ABSTRACT

Compared to the longer history of feminist political activism, policy studies within a feminist frame are a comparatively new focus for political inquiry. With the recognition of gender as an analytical category, feminist scholars have sought to institutionalize women’s voices in their respective disciplines. After recently reviewing the state of policy study within a feminist frame, Mary Hawksworth (1994) observes that ‘the goal of feminist scholarship is to transform traditional disciplines, purging them of androcentric bias, reshaping dominant paradigms so that women’s needs, interests, activities, and concerns can be analyzed and understood systematically’ (1994:98). Of the traditional disciplines political science, the grandparent of policy studies, has been slower than most social sciences in incorporating feminism into its conceptual storehouse. Compounding the effect of this hesitancy has been a tendency for feminist political analysts to argue among themselves. In their recent analysis of gender power, leadership and governance, feminist political scientists Georgia Duerst-Lahti and Rita Mae Kelly observe:

debates occur around how to treat difference. Should we recognize gender differences, acknowledge their consequences, and in strategies for change seek special treatment that accounts for differences? Or should we concentrate on treating women and men exactly the same and advocate only equal pay for equal work, for example, arguing that to do anything else is to reimpose gender demarcations where none need exist? Or, alternatively, should we advocate comparable pay for comparable worth on the grounds that men and women differ, particularly in their working situations? (1995:2)

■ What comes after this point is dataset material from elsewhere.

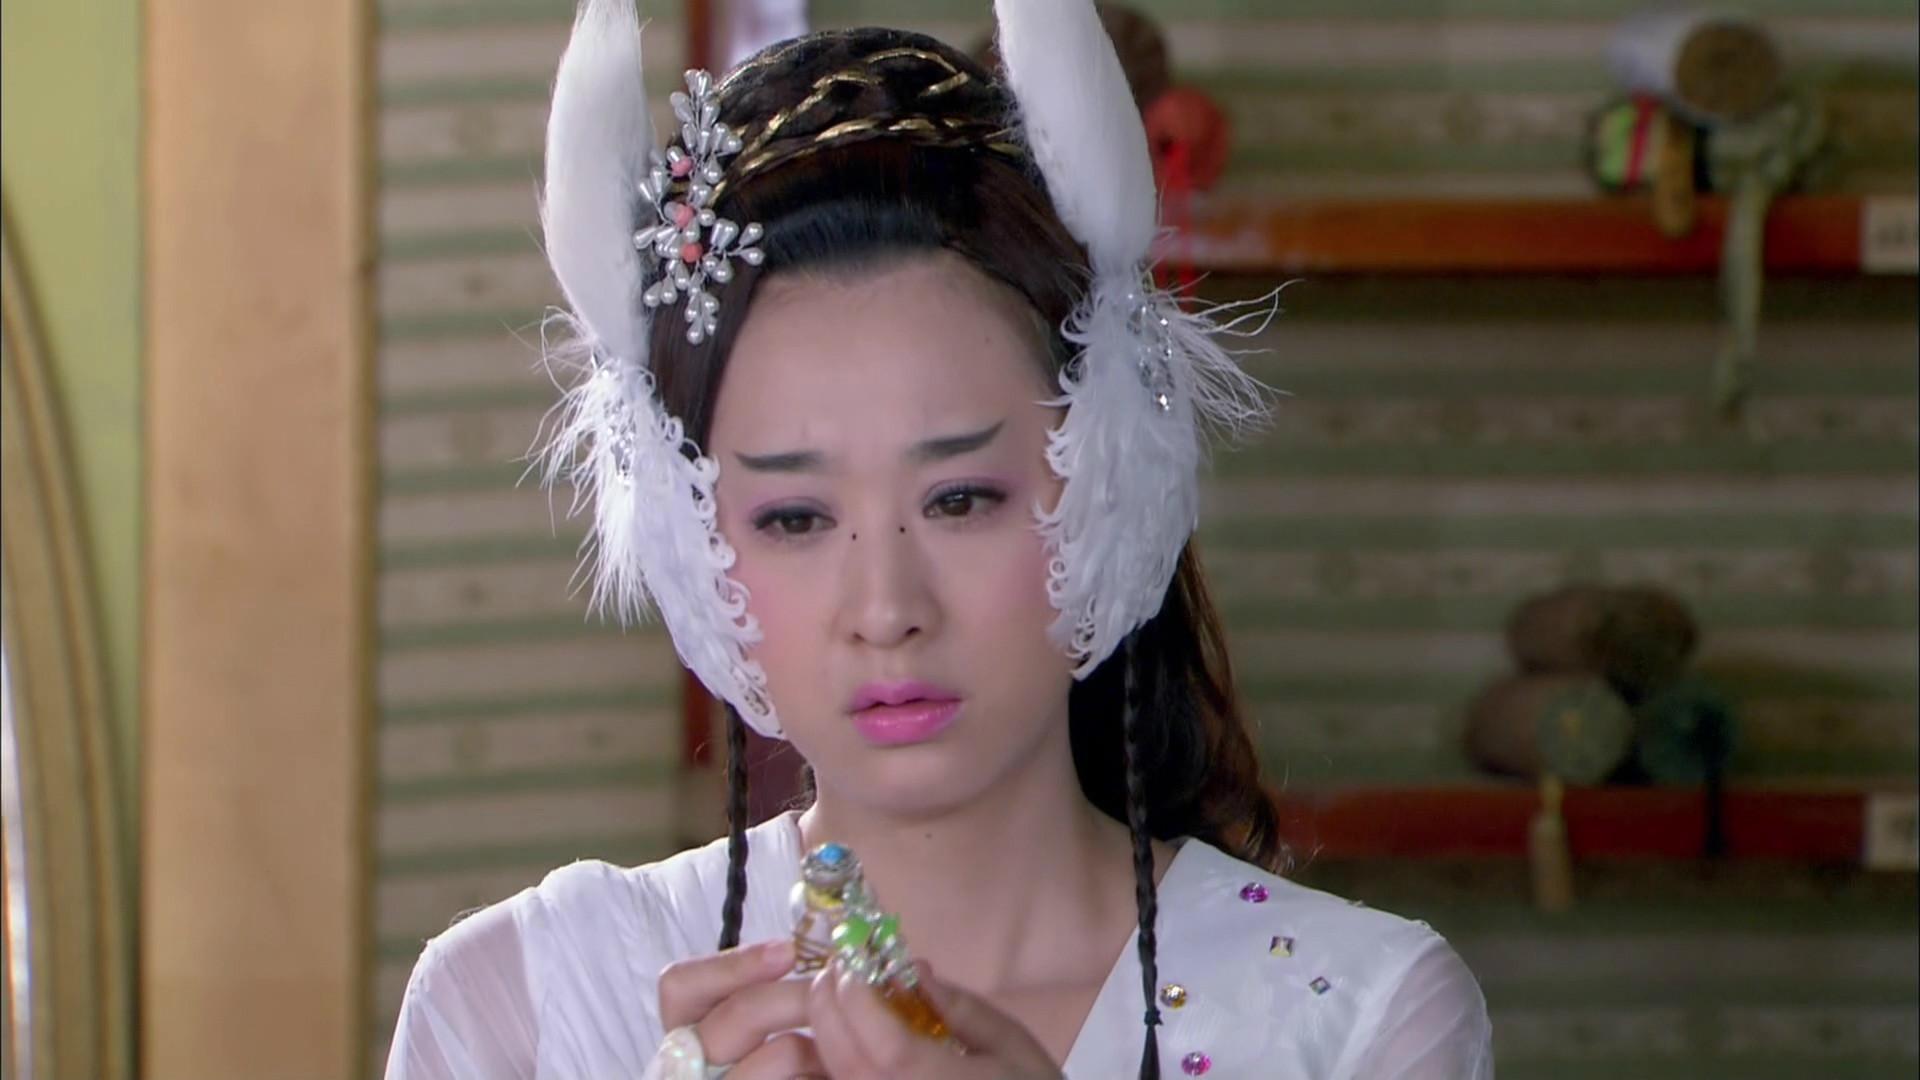 雪雨酷帅、九妹俏皮、李蔷蔷显脸小 发饰贴在脸颊上的古装女子,

Unfortunately, while these positions weave through the important conceptual debates among feminist political theorists, gender effects continue to disadvantage and even harm women in their private and public lives. The new generation of feminist scholarship in education has shown that despite their dominance in the teaching profession, and the emergence of a new awareness of gender effects, women teachers continue to suffer disadvantages created by gender effects (Acker, 1989; Arnot and Weiler, 1993; Bell and Chase, 1993; Blackmore and Kenway, 1993; Marshall, 1993; Marshall and Anderson, 1994). Accounting for the issues of difference that Durest-Lahti and Kelly (1995) have identified is of critical importance for a new feminist policy analysis.